The risk function at Telstra has evolved significantly over the past three-and-a-half years under Hughes’s leadership. The 160-strong risk office now looks after the group’s risk management, compliance and privacy functions, as well as its law enforcement capabilities, fraud investigations, enterprise resilience, security, and health, safety and environment arms.

Hughes, who reports into chief financial officer Warwick Bray, admits she is lucky to work for an executive team who take risk management seriously.

“It’s a privilege to be involved in something that helps our executives make better decisions,” she says.

And with the pace of change that Telstra is facing, that decision-making needs to happen quickly.

“We can be disruptive or we can be disrupted and we’ll probably be both. That’s not necessarily a bad thing. I think disruption creates solid incentive to be more innovative and that’s good,” she says.

Telstra is undergoing a major internal simplification process, driven by the risk of not being able to keep up with younger, more agile, tech start-ups.

“I’m in a meeting every Tuesday morning on this to see what am I doing to help us get there,” Hughes says, adding that she sees the company’s simplification and disruption impetus as an opportunity to show the benefits of risk-based decision making.

“Everything we do requires us to do a risk assessment and that shouldn’t be seen as an onerous, bureaucratic thing, but actually built in to our processes every day.

“Part of the business case is doing a risk management assessment. You don’t tack it on the end, it’s not done at five minutes to midnight, it’s not done once we’ve agreed to everything else … it’s part of the process.

“That is the evolution of risk management – to take it out of the academic, out of the process, and make it much more part of the business conversation so that it actually adds value to the commercial decision-making challenge that your leader has,” she says.

Hughes cites an example with the head of Telstra property, who had to decide how to allocate his spending when it came to upgrade work on the group’s exchange sites. By applying a safety rating to every exchange, Hughes team was able to prioritise which sites should be worked on first.

Back to where it started

In some ways Hughes has come full circle to her role at Telstra.

After graduating with a commerce degree with majors in economics and finance, she took up a role at the NSW Treasury. One of the first companies she audited was Telstra, sitting in the very same Melbourne offices that she does today.

She then moved to the Sydney Futures Exchange where she was responsible for surveying the open trading floor for rouge or illegal trades during its final year of operation.

“I was one of about four women in a room of 400 men that had some pretty bad behaviours,” Hughes recalls.

From there, she moved to the Australian Securities and Investments Commission (ASIC), the country’s corporate, markets and financial services regulator. And it’s this insider experience which has proved invaluable to Hughes at Telstra – one of the country’s most highly regulated companies.

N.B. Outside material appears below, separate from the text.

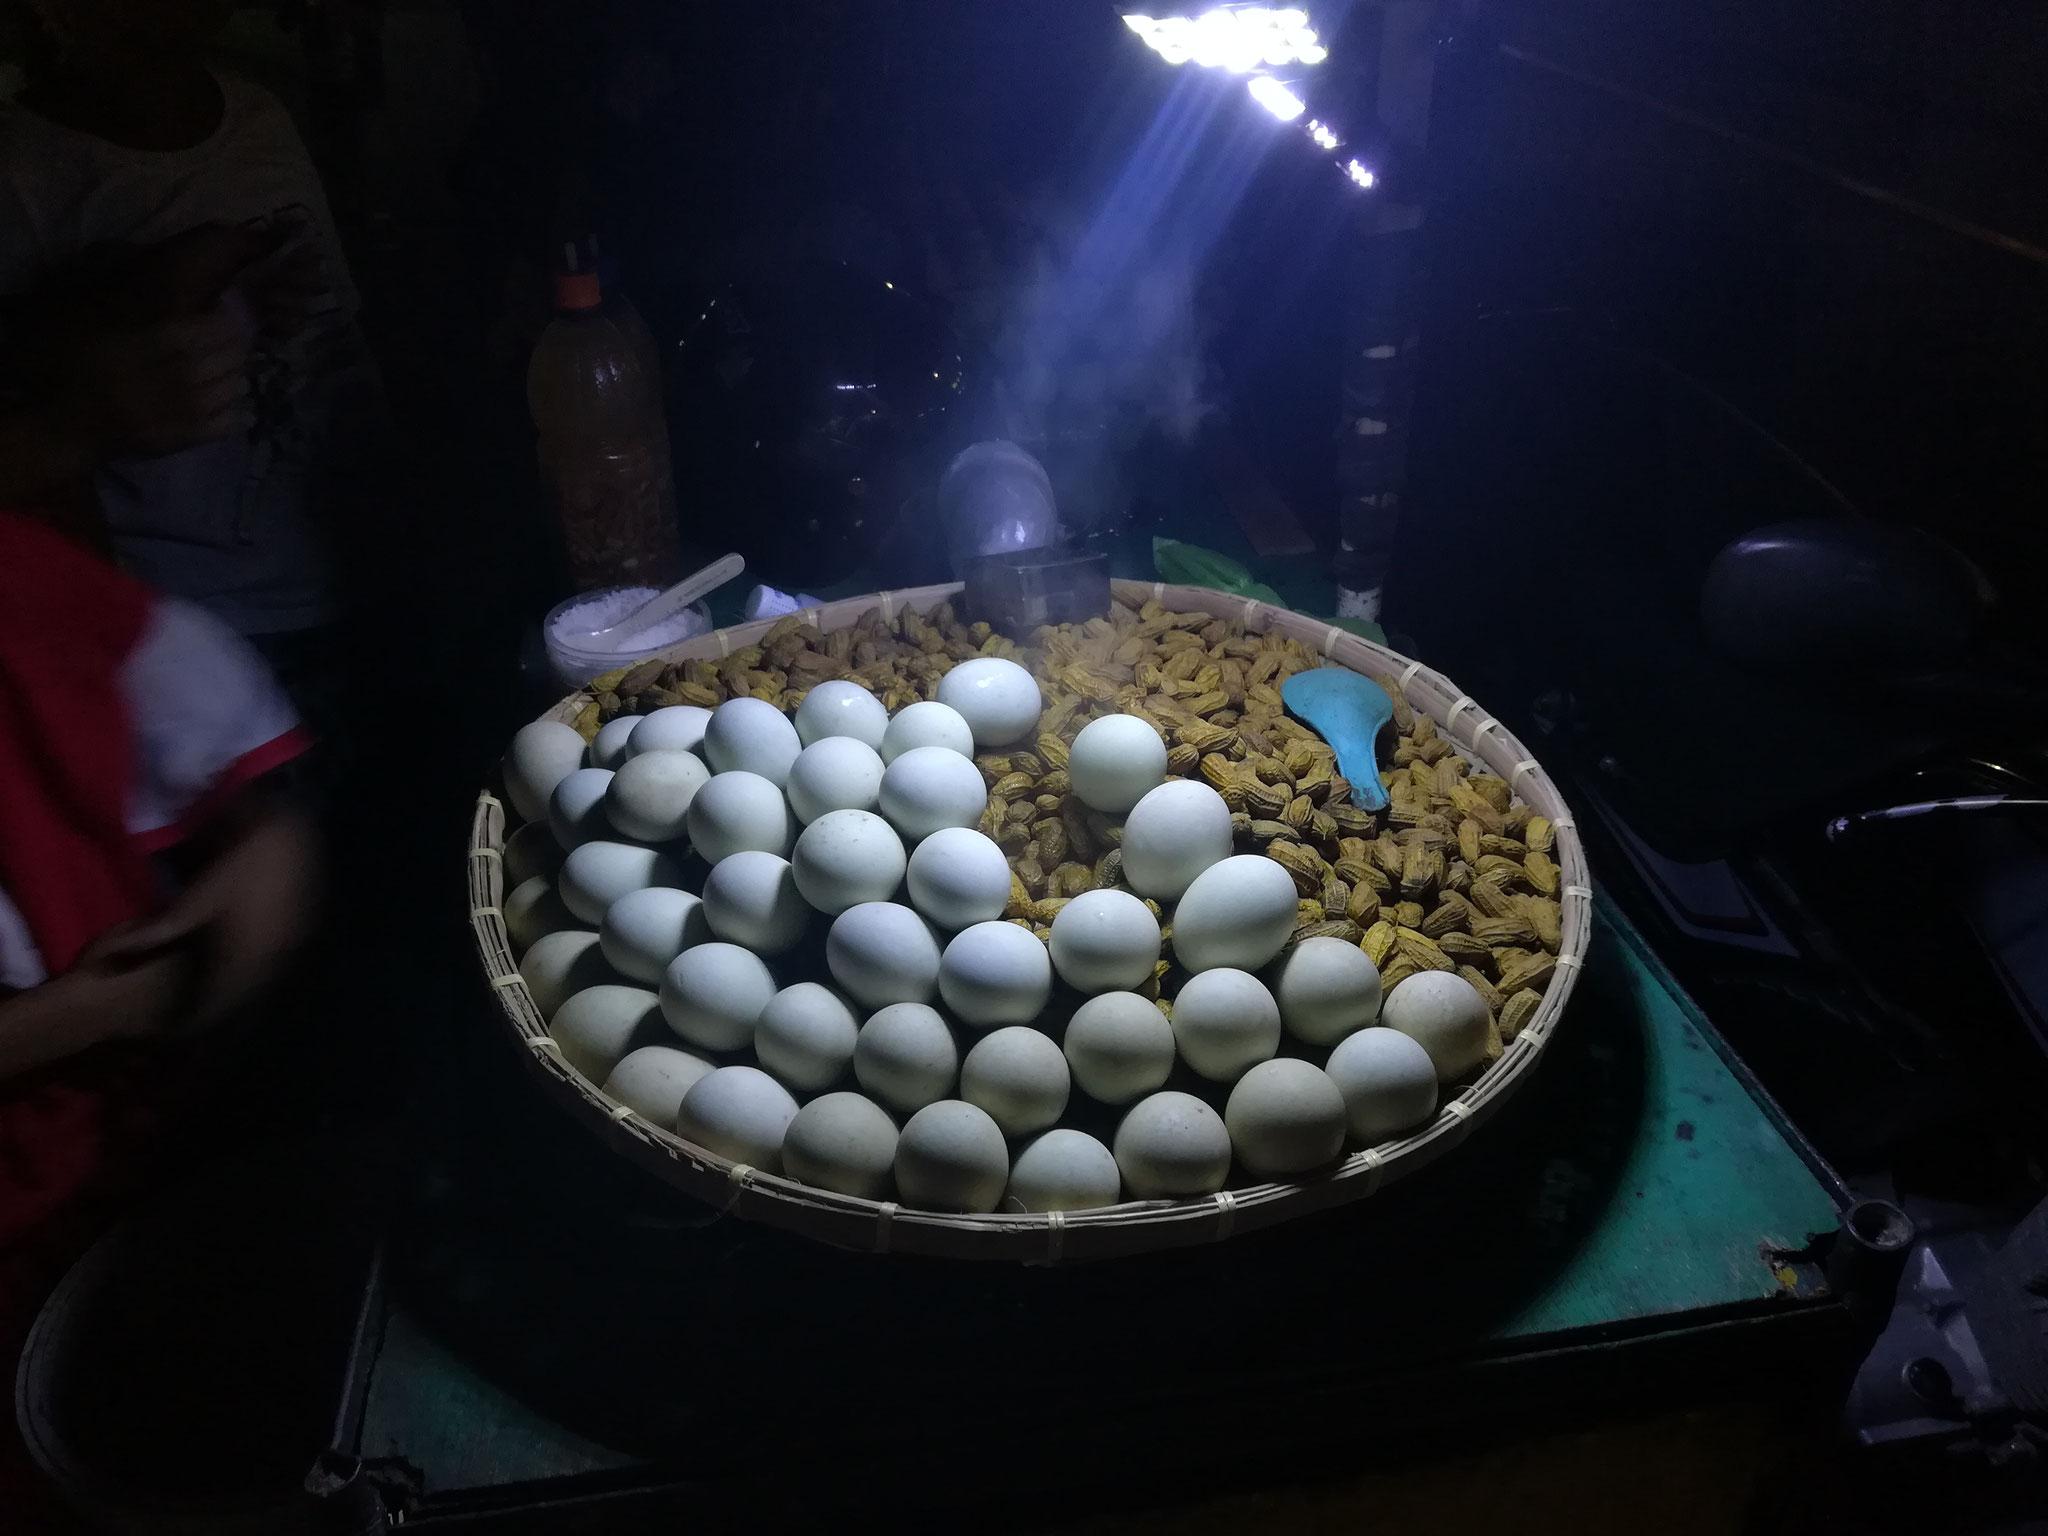 Balut - das halb ausgebrütete Ei (eine Spezialität auf Negros)

“One of our big risks is going to be a rapidly changing regulatory environment,” she says. “It will go to things like how we regulate data ownership and data sovereignty in the long term.”

Regulators around the world are struggling to keep up with the implications of new technology – and most are doing so at different paces, not to mention with vastly different strengths of legislative iron fists.

For a company with global expansion plans, this adds a huge layer of complexity.

“How do you grow in those countries where your company’s cloud strategies aren’t going to fit with theirs, for example,” she says.

“[Regulation] has the potential to certainly change how we develop and market products. It’s one of the material risks that we talk to the board about. What you have to get very good at doing is staring over the horizon beyond your normal two to three-year period, out to five to eight years and start to think about what regulation will matter then.”

In a disruptive environment, Hughes also sees the potential for corporates to challenge existing regulation.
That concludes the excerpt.